だってさっき見回した時は、誰もいなかったんだぞ。
「はい?」
振り向くと──空中で方向転換って意外とむずい──後光が差してるきれいな女性が、俺と同じように空に浮いていた。
「こちらの手違いであなたは死んでしまったので、お詫びとして特別な力を与えて、他の世界に転生させてあげましょう」
「うん?テンセイ?」
転生って魔界転生とかなんかそういうやつ?あれはテンセイじゃなくテンショウか。
「阿部陽一としてのあなたは、もう死にました。新しい世界で新しい人生を歩むチャンスを与えます」
俺の反応が薄かったせいか、白っぽい銀髪を揺らめかせてその女性が繰り返した。
「死んだ後に行くってことは、天国ですか?」
「いいえ、別の世界ですよ。根本的な法則は同じだけれど、魔法があり科学はあまり進んでいない世界です。
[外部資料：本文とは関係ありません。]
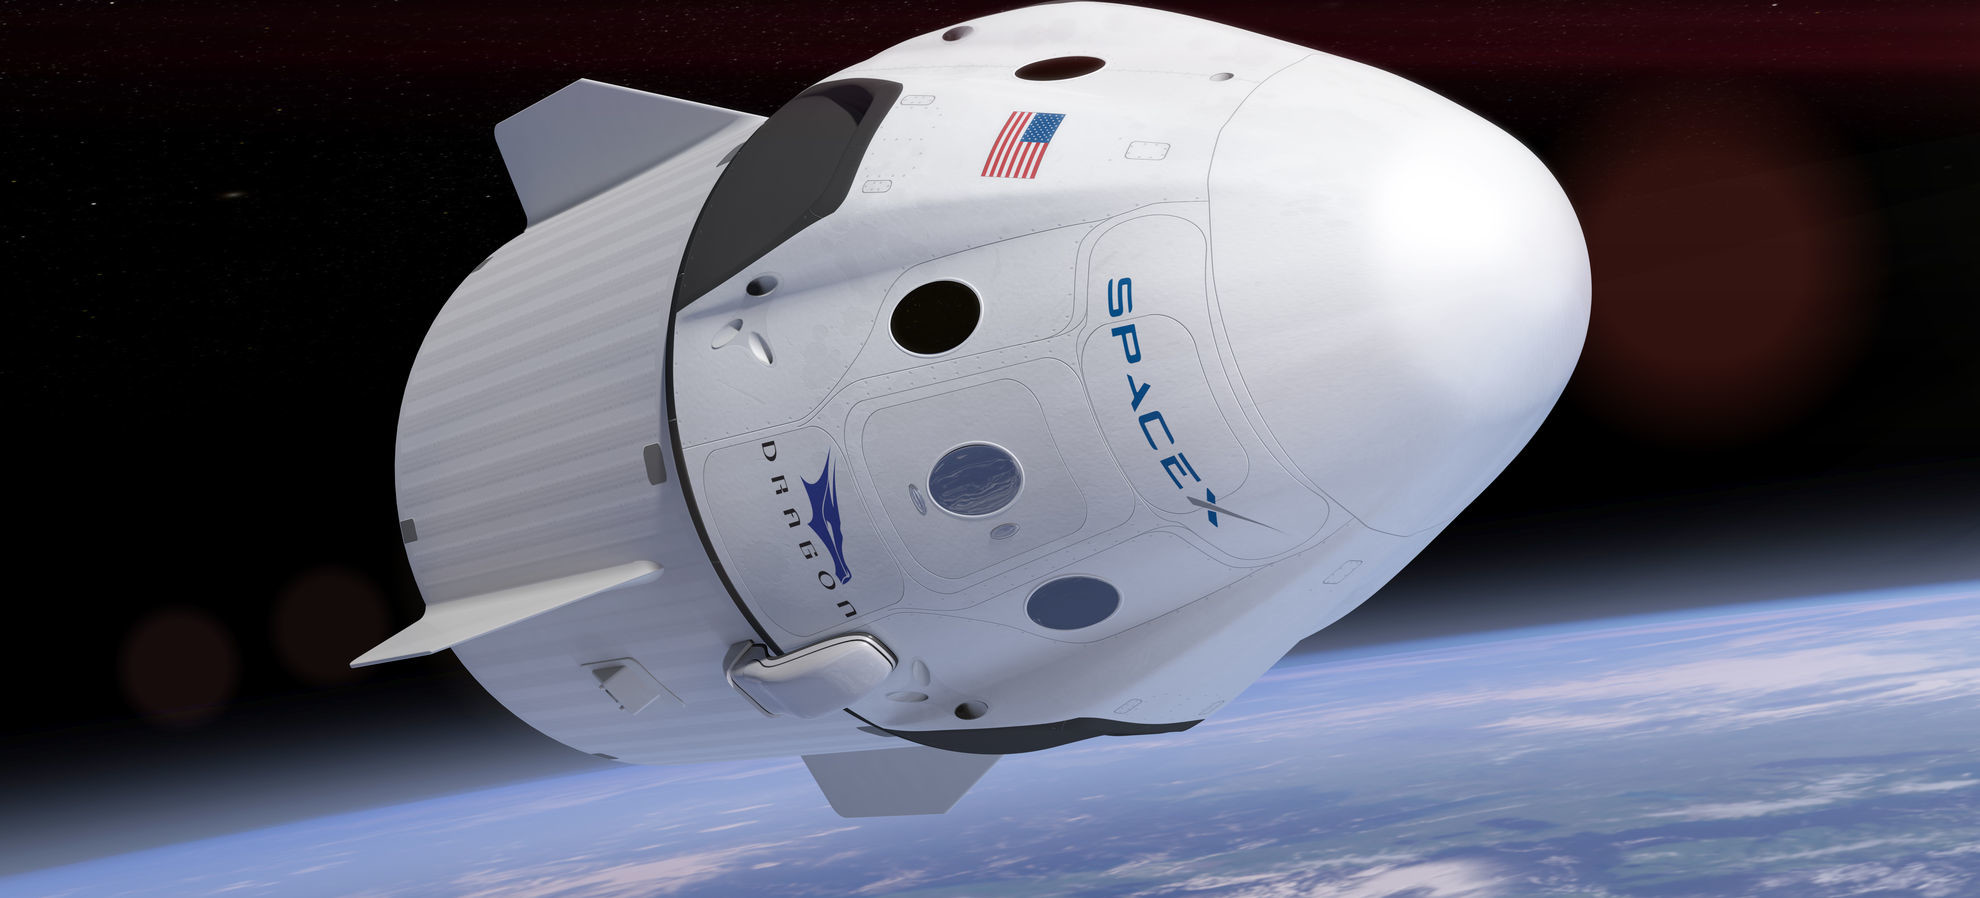 SpaceX Dragon - беспилотный транспортный космический корабль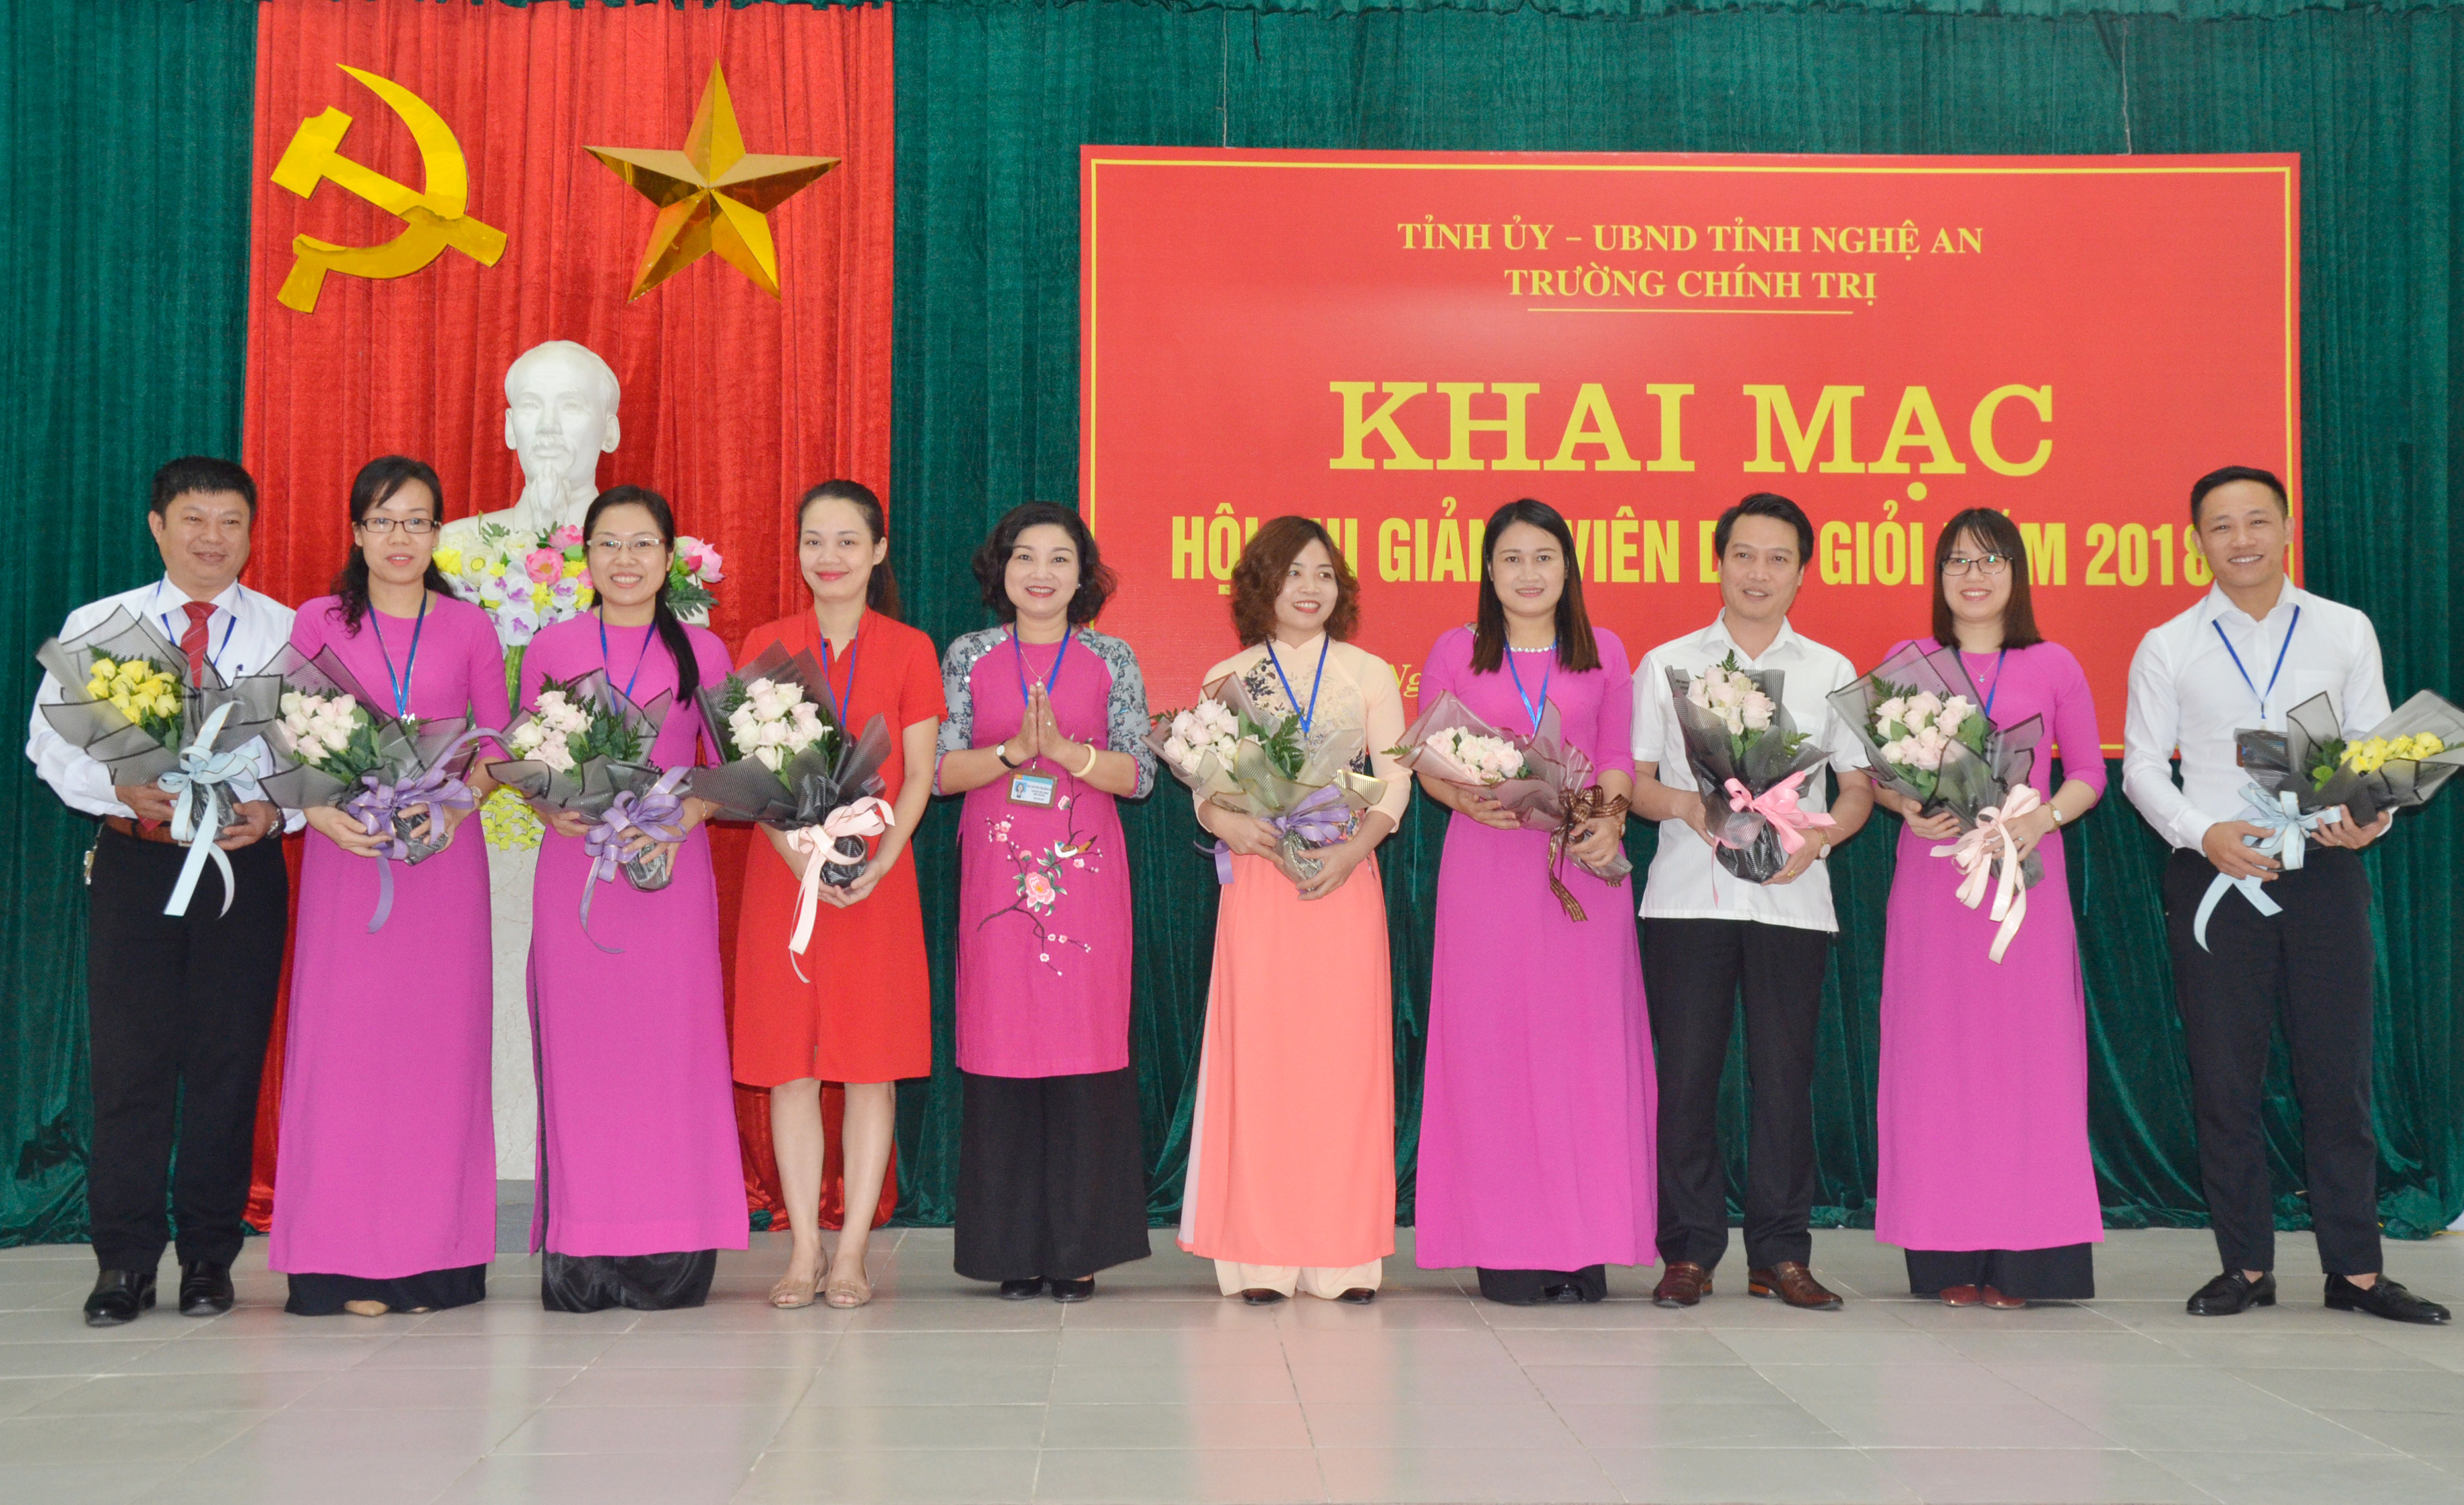 Lãnh đạo Trường Chính trị tặng hoa chúc mừng các thí sinh dự thi. Ảnh Thanh Lê

そこであなたは特別な力を持ち、全く違う存在としてやり直せるのです」
「…?申し訳ないのですが、あなたの言っていることが理解できません。特別な力?その力でなんかやれってことですか?」
「飽くまでこちらの不手際のお詫びなので、自由に生きて構いません」
「いや、普通に死んだら行く場所でいいですよ。あんま良いことした覚えもないけど、地獄に落とされるほどの罪を犯した覚えもないので、多分天国だと思いますが」
理解出来ない契約は結ばない。
社会人としての鉄則だ。
転生だの魔法だの、何一つ理解出来ない。
「…あなたのいた世界での信仰上の"天国や地獄"は、存在しません。本来なら死後は無になるのです。ですが、あなたはこちらのミスで命を失ったのでお詫びに別の世界での…」
「あの、すみません。あなたはどちら様ですか?」
似たようなこと繰り返されるばかりなので、遮るように質問してしまった。
「この世界を統べる女神です」
うわあ。自分で女神とか言っちゃうやばい人だ。美人だけど頭が残念な人なんだろうか。
…でも、この場所自体リアリティがないんだから、女神サマがいてもおかしくないか。
感覚的に夢じゃないとは思うけど、五感だって神経が脳に送ってるだけのただのシグナルだ。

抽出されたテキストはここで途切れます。